PROBLEM. Pictures in the material below are to be left out, and only the lines from the line with "Unlimited Sahara 4x4 2018" up to and including the line with "Levi's Jeans Zwart" are to be written out exactly.

SUPPLIED ENTRIES.
_ _ _ _
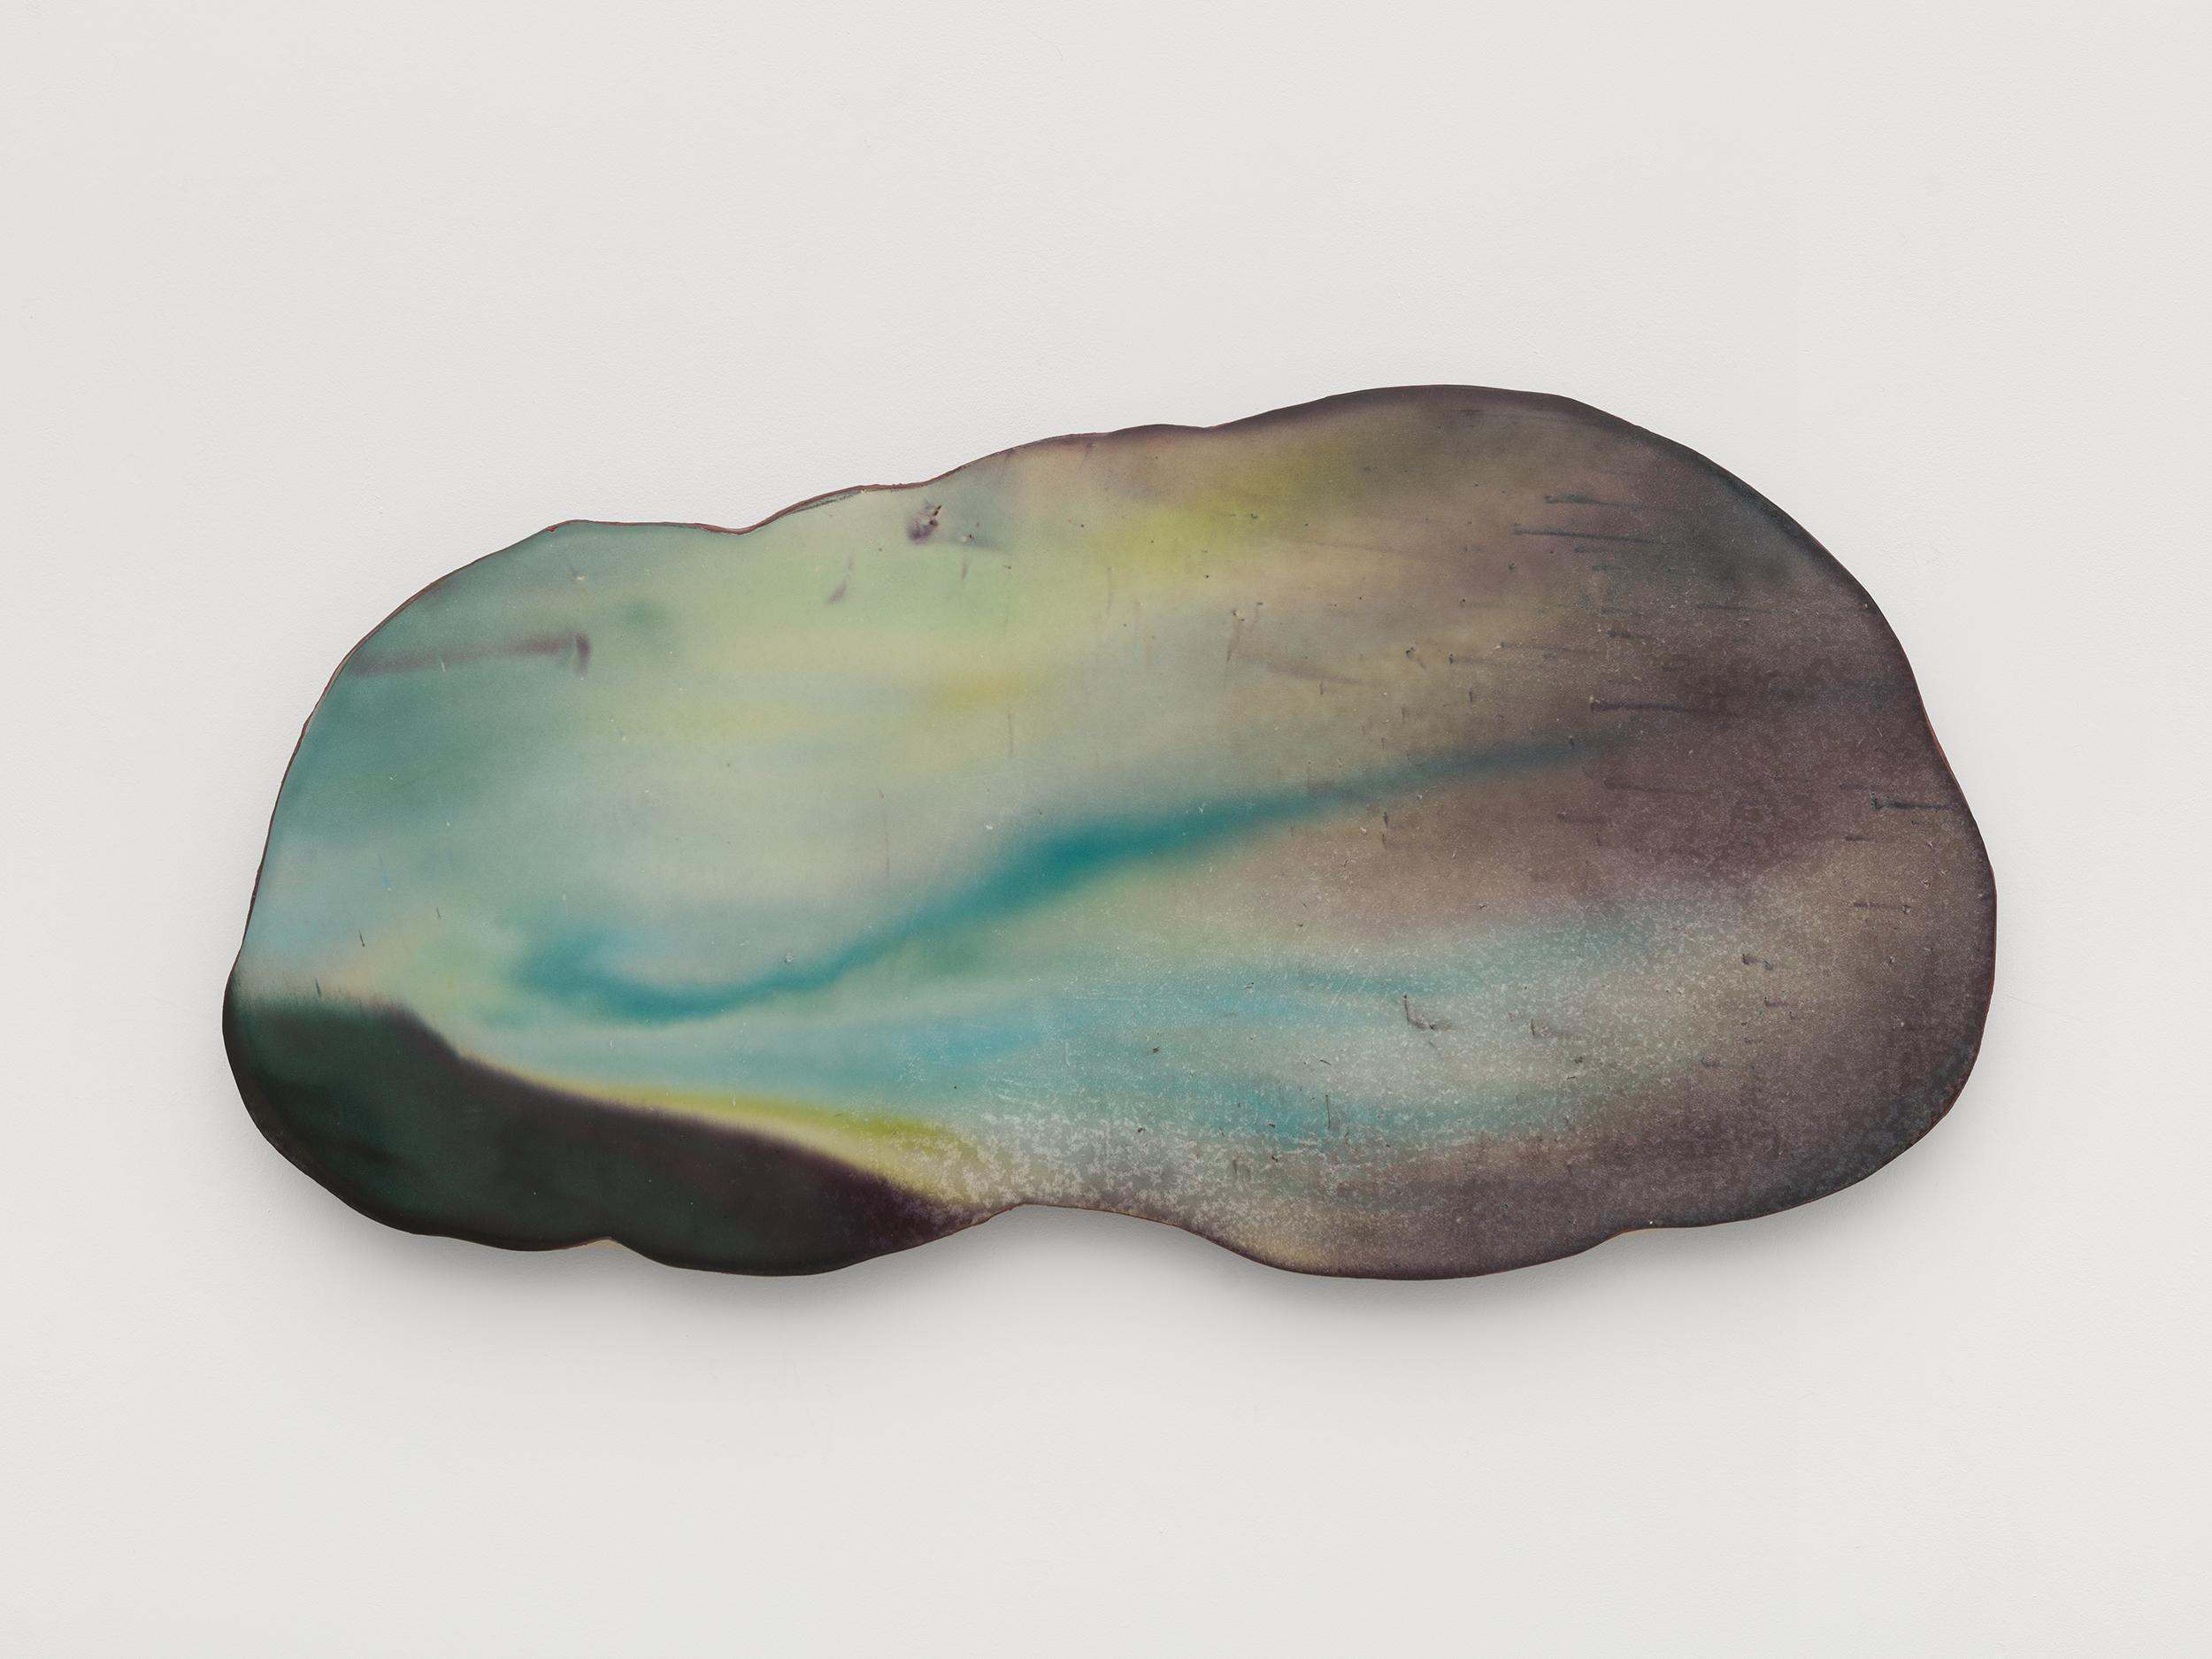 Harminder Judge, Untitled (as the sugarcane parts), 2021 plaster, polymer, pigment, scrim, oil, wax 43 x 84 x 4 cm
_ _ _ _
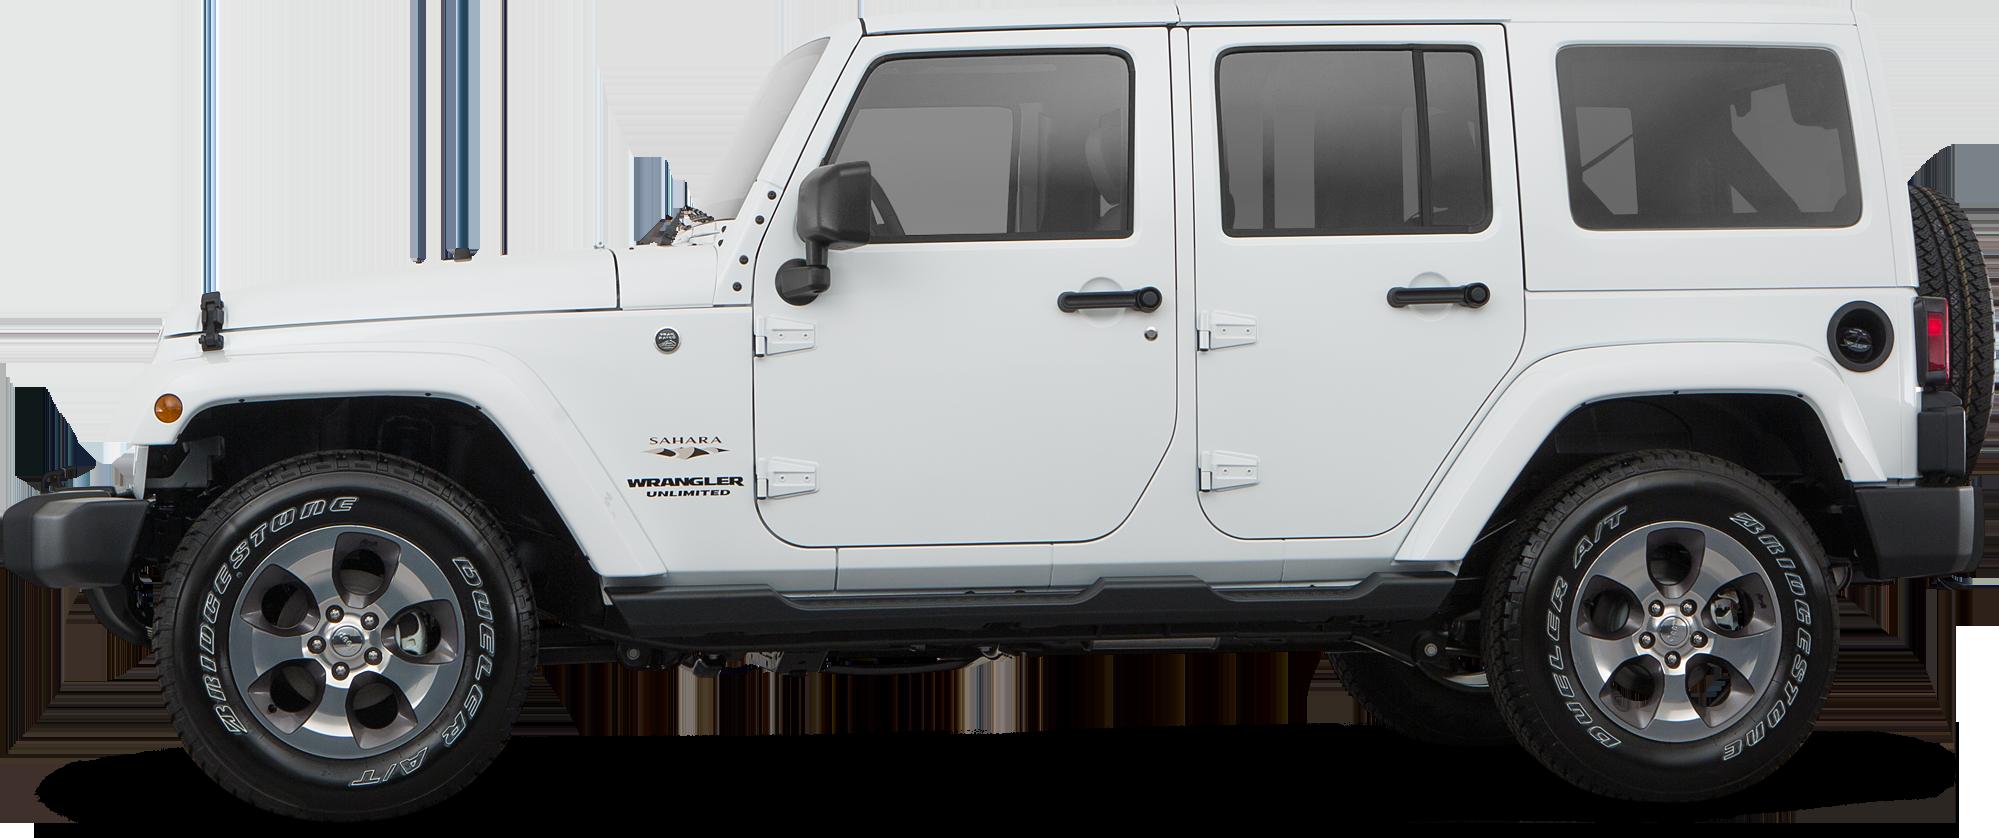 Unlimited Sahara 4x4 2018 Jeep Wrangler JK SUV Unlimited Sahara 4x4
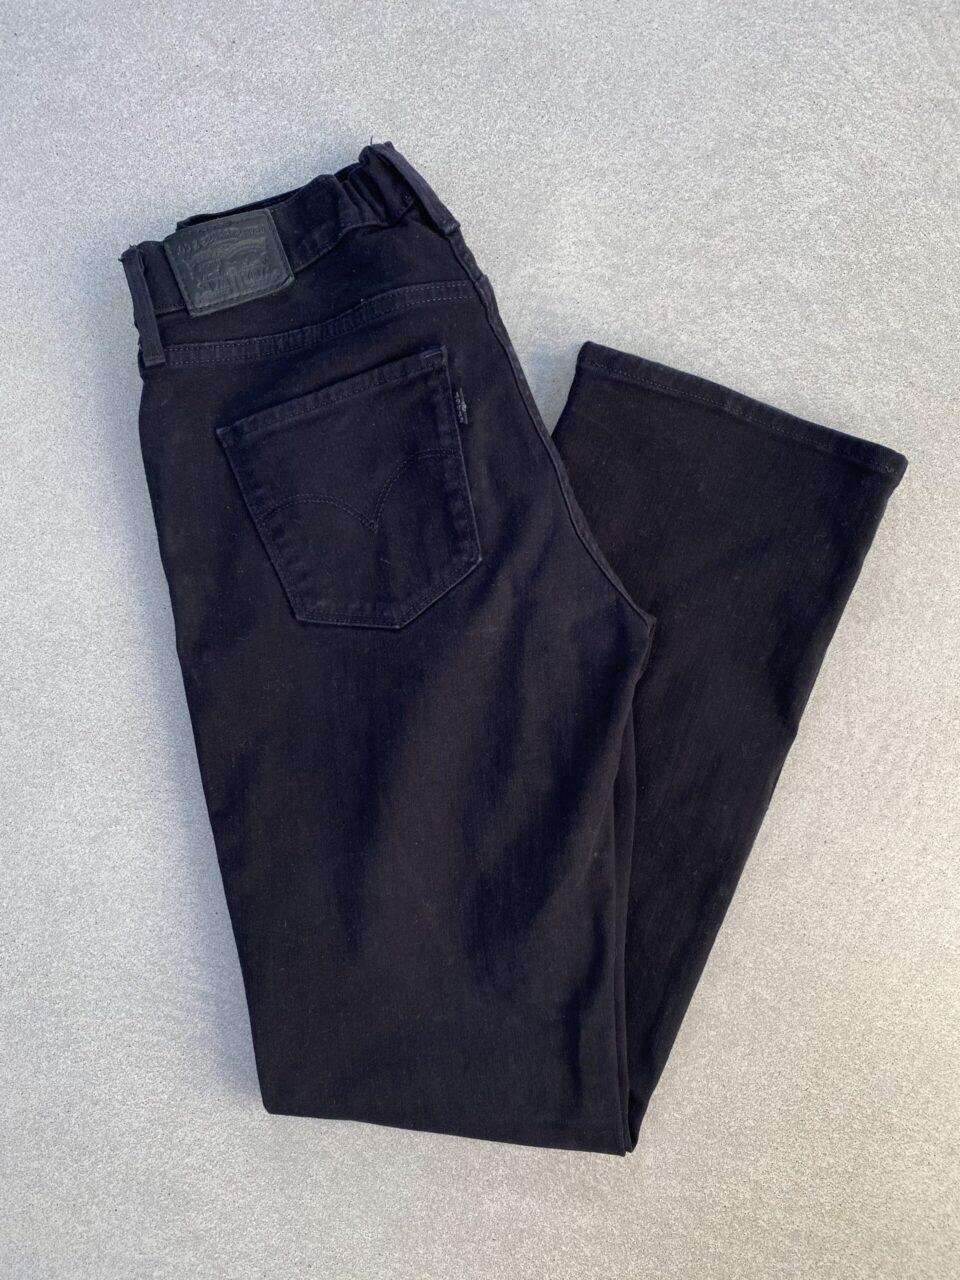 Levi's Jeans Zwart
_ _ _ _
EXERCISE OUTPUT.
 Unlimited Sahara 4x4 2018 Jeep Wrangler JK SUV Unlimited Sahara 4x4
 Levi's Jeans Zwart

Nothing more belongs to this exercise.